Work instructions:
From the data below, repeat exactly the lines from the line with "Логотип Fiat - офіційний сайт Fiat" to the line with "Угловые плиты днища", both included.

Data shown:
-=-=-
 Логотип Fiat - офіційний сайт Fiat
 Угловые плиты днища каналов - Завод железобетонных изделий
-=-=-
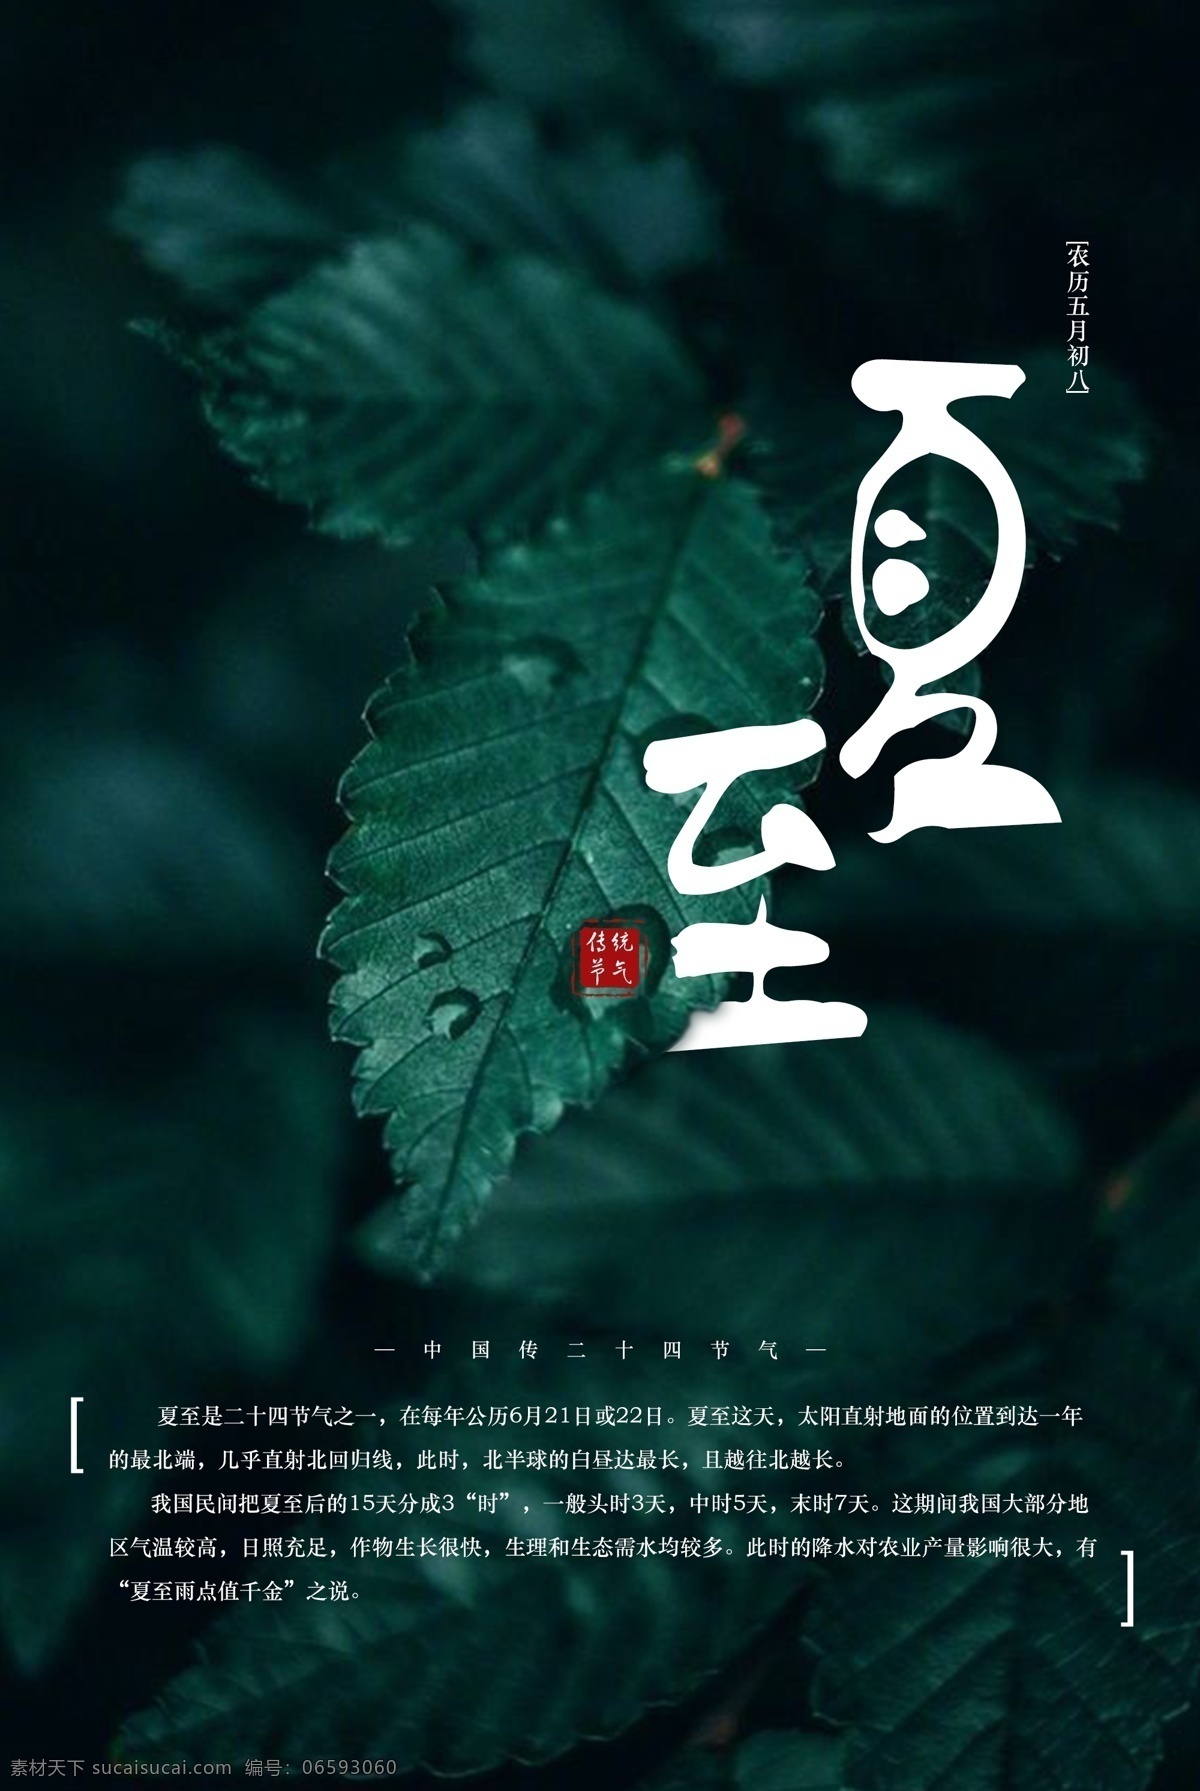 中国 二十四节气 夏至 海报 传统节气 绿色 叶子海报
-=-=-
Your response:
 Логотип Fiat - офіційний сайт Fiat
 Угловые плиты днища каналов - Завод железобетонных изделий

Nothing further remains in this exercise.